▶ _What to do_
Your answer must be the exact lines below, starting with the line with "12FT Recreational Trampoline" and going on through the line with "52-60 Inch Counter", both included, with no pictures.

▶ _Material for this task_
________________________

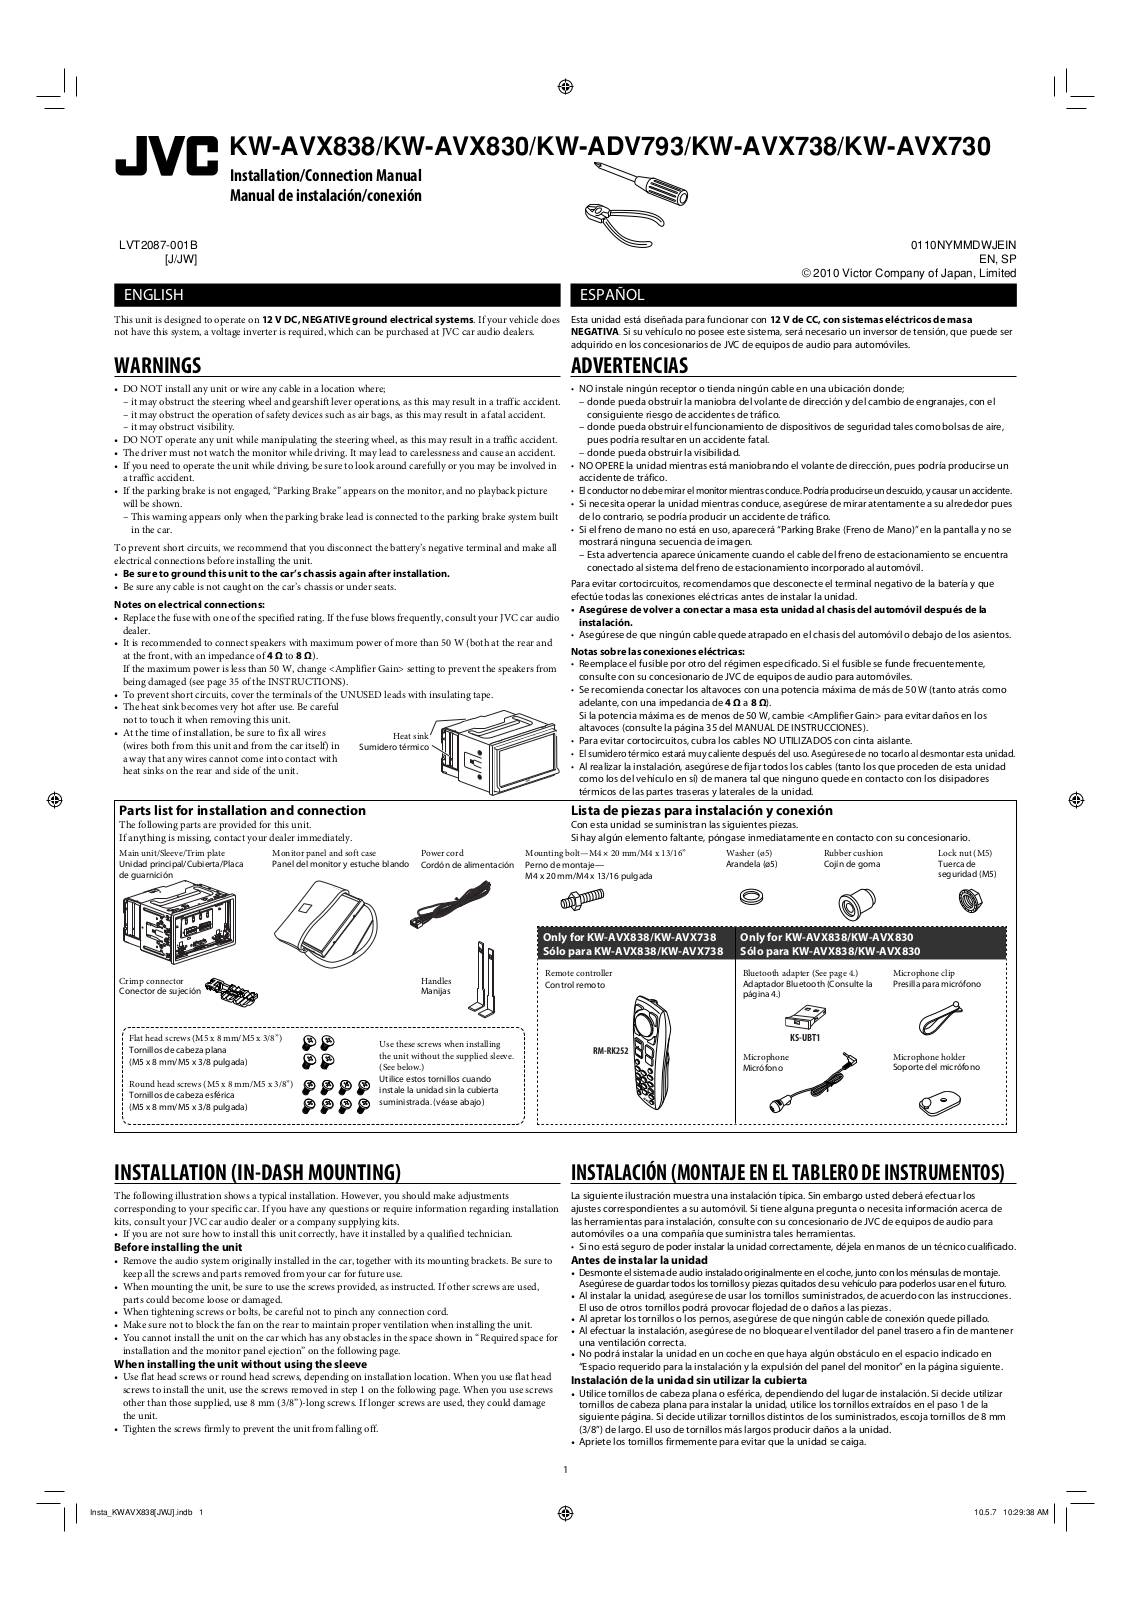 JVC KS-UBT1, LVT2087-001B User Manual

________________________

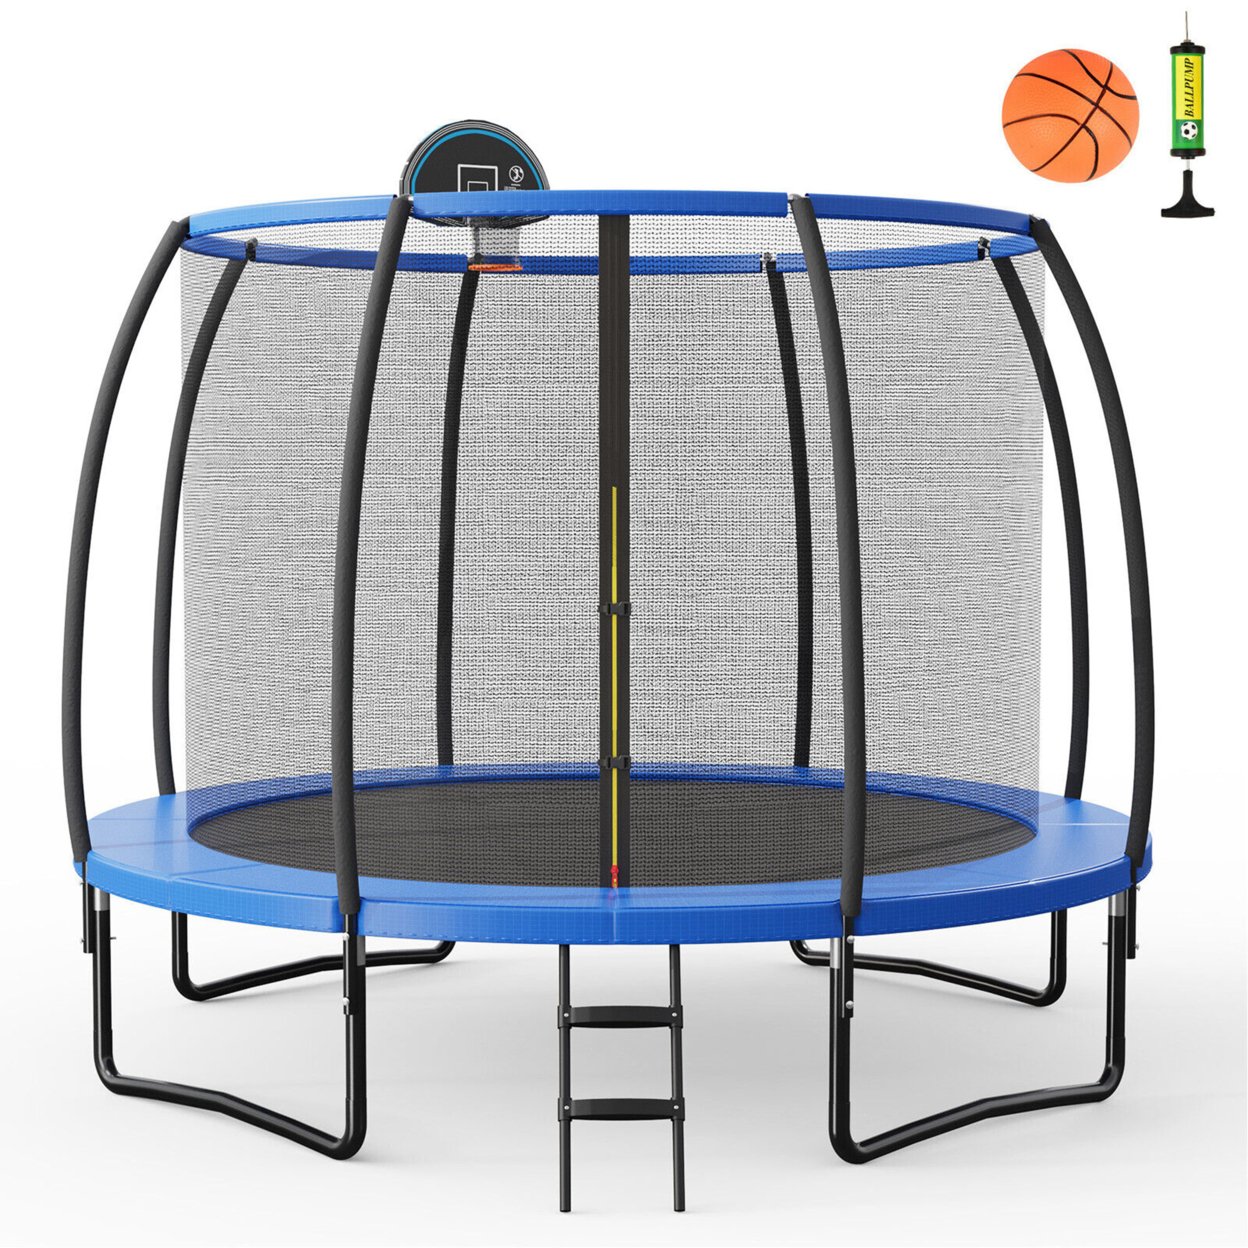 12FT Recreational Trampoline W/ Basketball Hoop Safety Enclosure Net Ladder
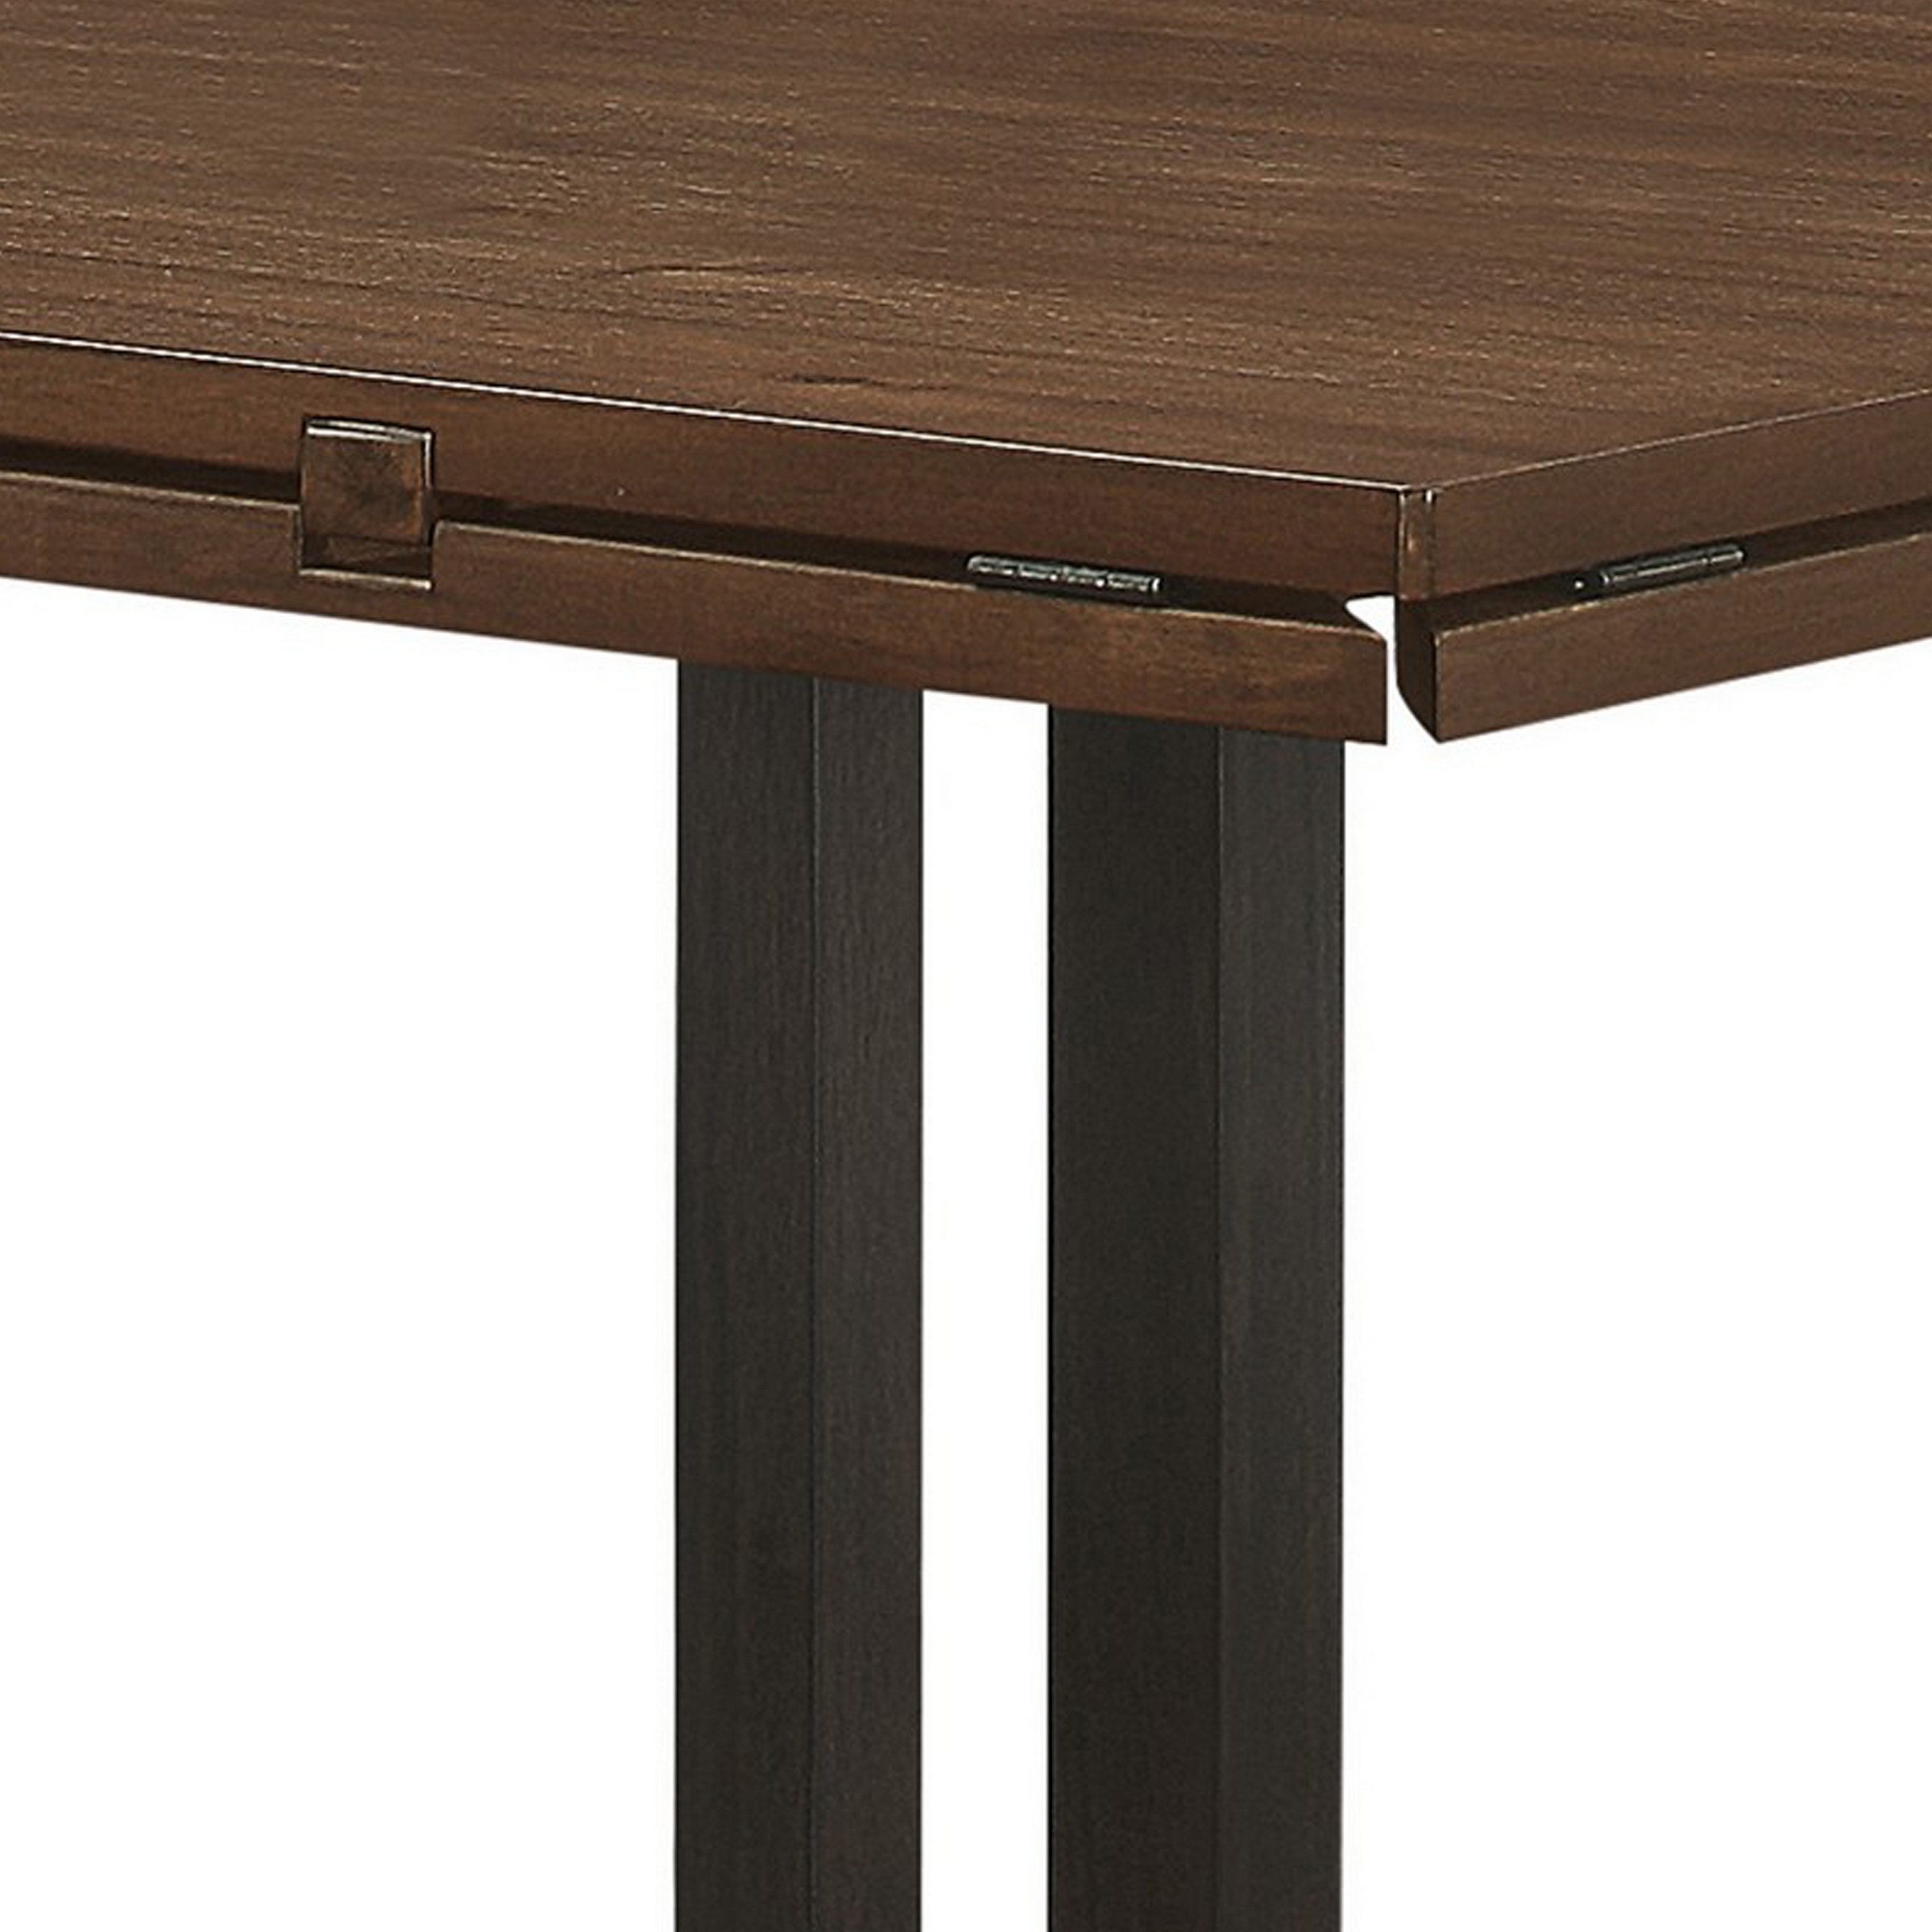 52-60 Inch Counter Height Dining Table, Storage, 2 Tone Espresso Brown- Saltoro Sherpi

________________________

▶ _Answer to this problem_
 12FT Recreational Trampoline W/ Basketball Hoop Safety Enclosure Net Ladder
 52-60 Inch Counter Height Dining Table, Storage, 2 Tone Espresso Brown- Saltoro Sherpi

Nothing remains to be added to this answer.